The Glauberg is a hot spot for archaeologists. For decades, researchers have been studying the hill in the central German state of Hesse, where people settled some 7,000 years ago.
Over the millennia, the plateau was inhabited by Celts and Alemanni and, in the Middle Ages, people there built castles that reached for the sky. Accordingly, researchers have found plenty of artifacts. In 1996, they made the sensational discovery of an almost perfectly preserved statue of a Celtic warrior, which is now known as the Celtic Prince of Glauberg.

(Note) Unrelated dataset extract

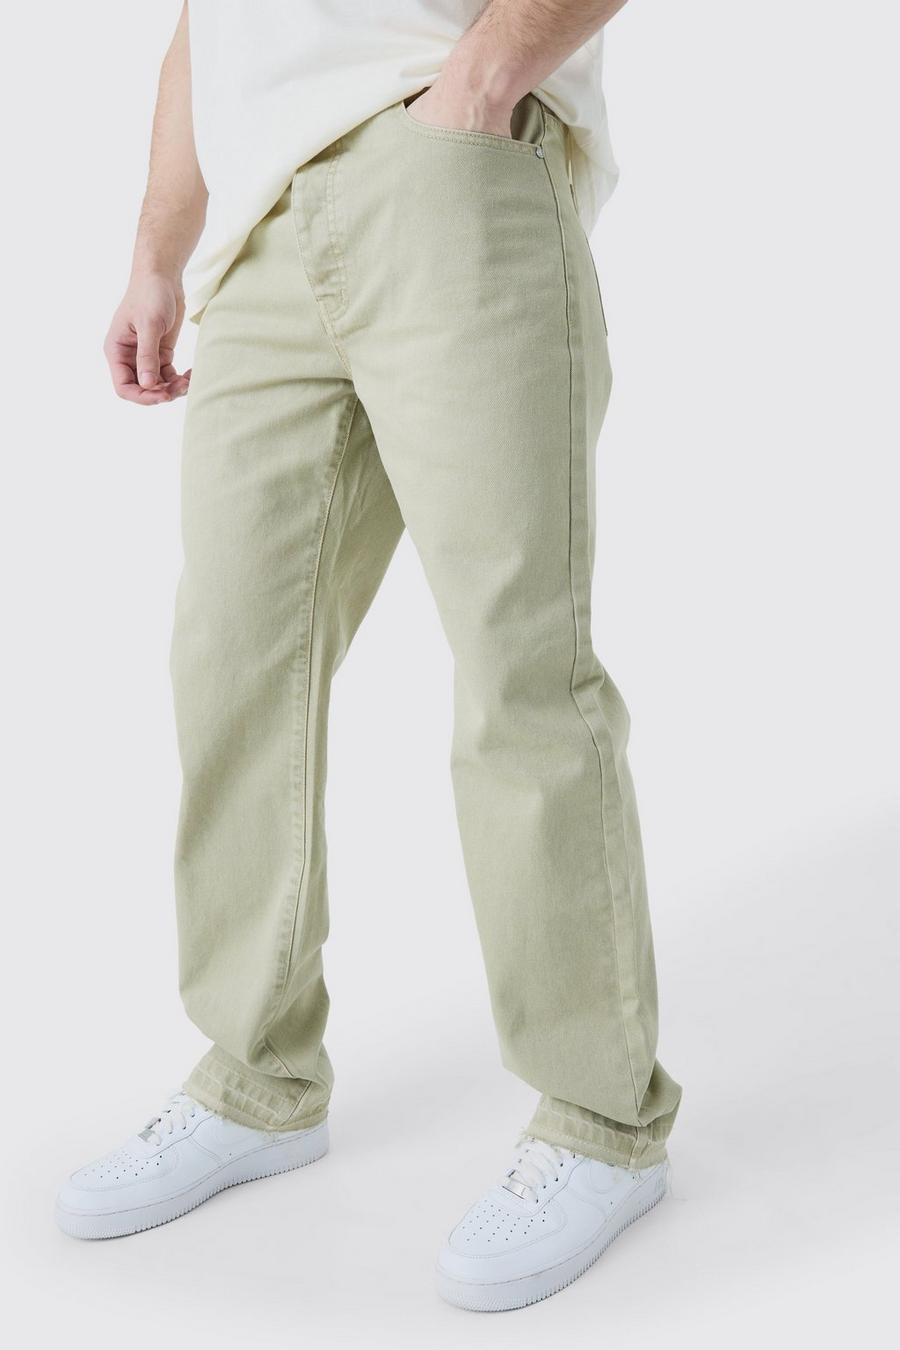 Sage Tall Relaxed Rigid Overdyed Let Down Hem Jeans

It was thought unlikely that the mound would yield any more big surprises. At least that was the assumption until people with flying lasers showed up. They flew an airplane over the Glauberg multiple times, sending pulses of light to the ground and measuring their echoes. This “light detection and ranging” technology, known as LIDAR, helps scientists record differences in altitude down to just a few centimeters. Trees and bushes are no obstacle to accurate measurements — they can simply be calculated out later with a computer. What remains is a three-dimensional image of the naked earth’s surface, including geometric formations that betray any structures that might be hidden underground.
The researchers were fairly stunned by what the remote-sensing technology turned up on the Glauberg. At first glance, they recognized around a dozen potential burial mounds that they hadn’t known about before. “We went and took a closer look at five of them,” says Axel Posluschny. “They were all burial mounds.”